##### LISTED ENTRIES #####

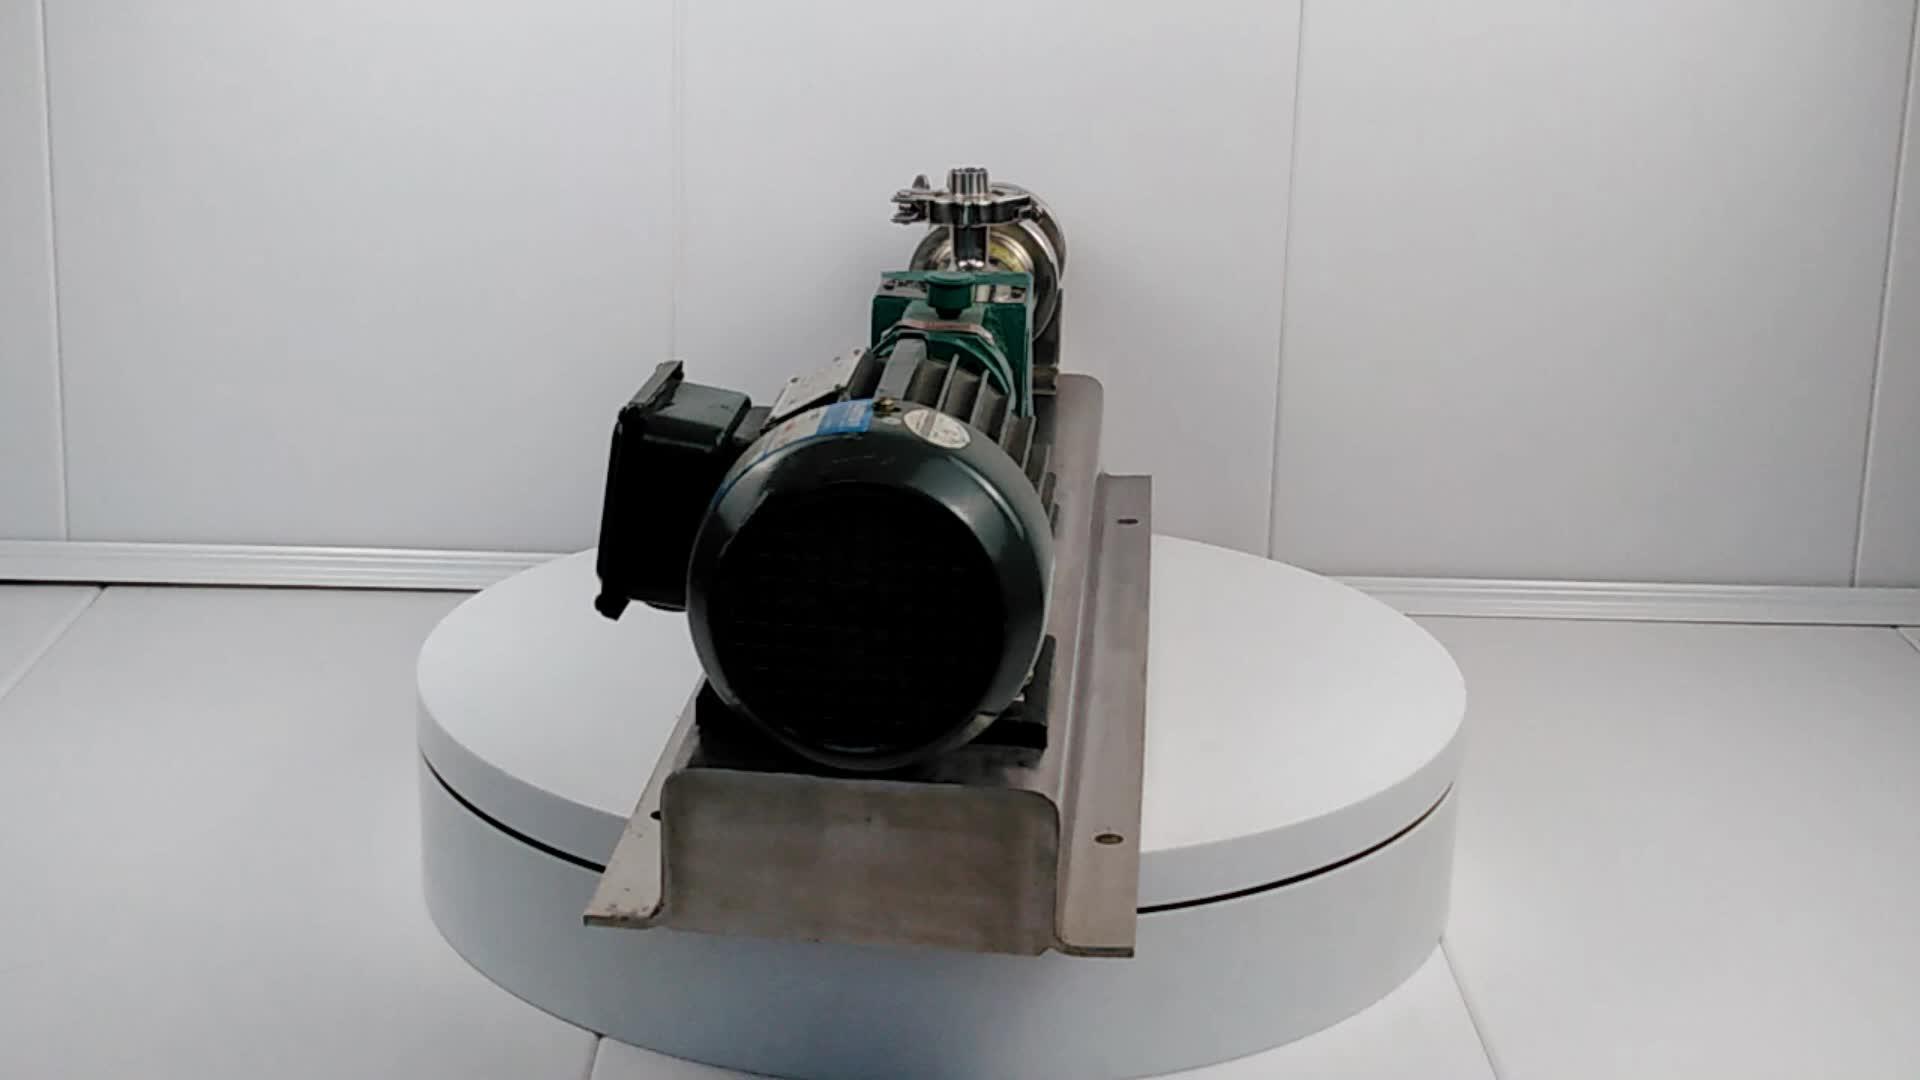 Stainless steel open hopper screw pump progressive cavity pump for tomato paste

#####
##### LISTED ENTRIES #####

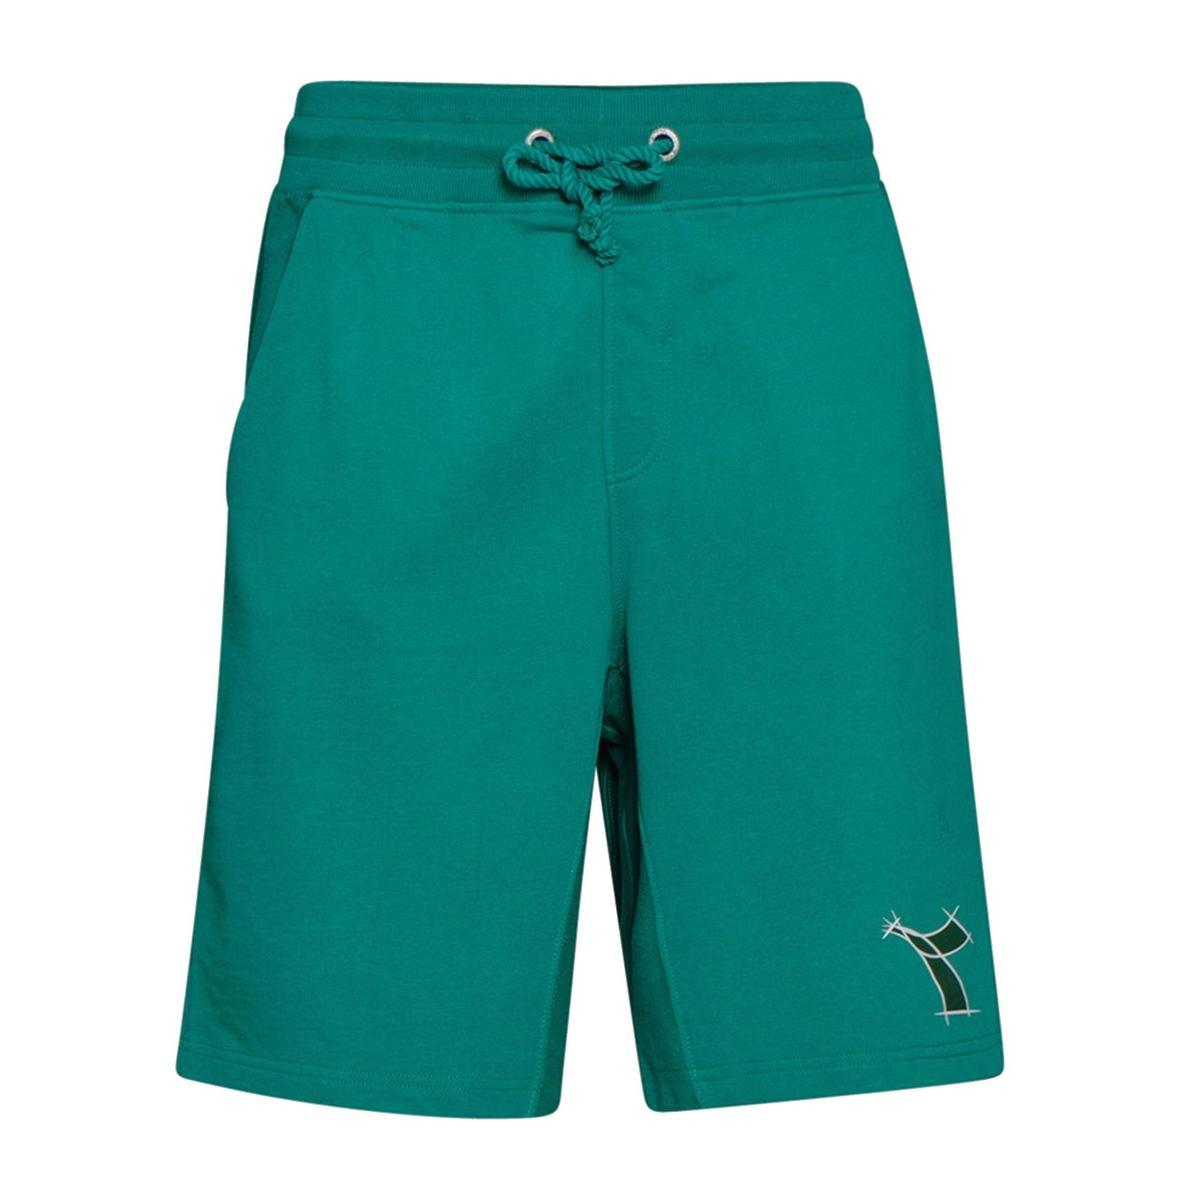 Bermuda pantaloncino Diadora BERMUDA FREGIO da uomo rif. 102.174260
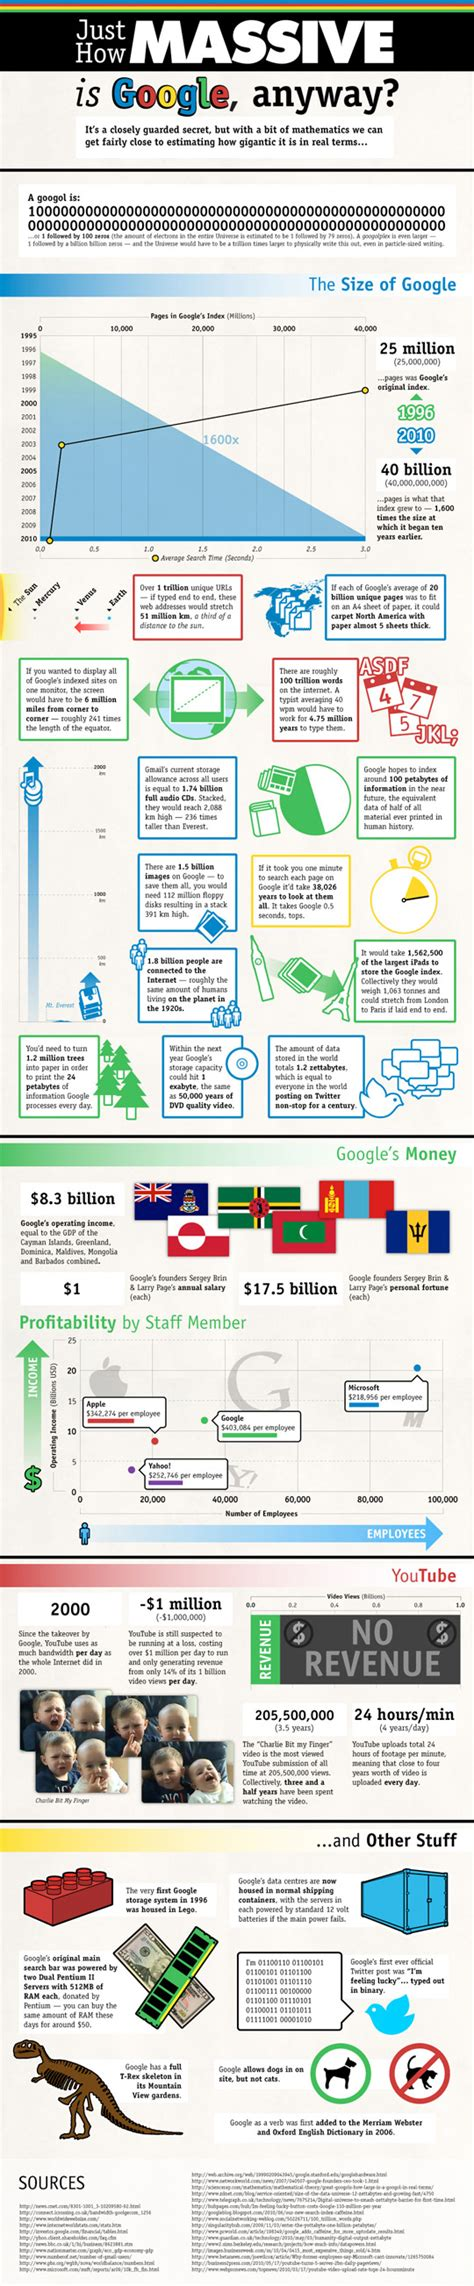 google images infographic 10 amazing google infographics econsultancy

#####

EXERCISE BRIEF »
Go back to the lines above and output, exactly as they stand, the ones from the line containing "Bermuda pantaloncino Diadora" to the line containing "google images infographic". Leave all pictures behind.

TASK OUTPUT »
 Bermuda pantaloncino Diadora BERMUDA FREGIO da uomo rif. 102.174260
 google images infographic 10 amazing google infographics econsultancy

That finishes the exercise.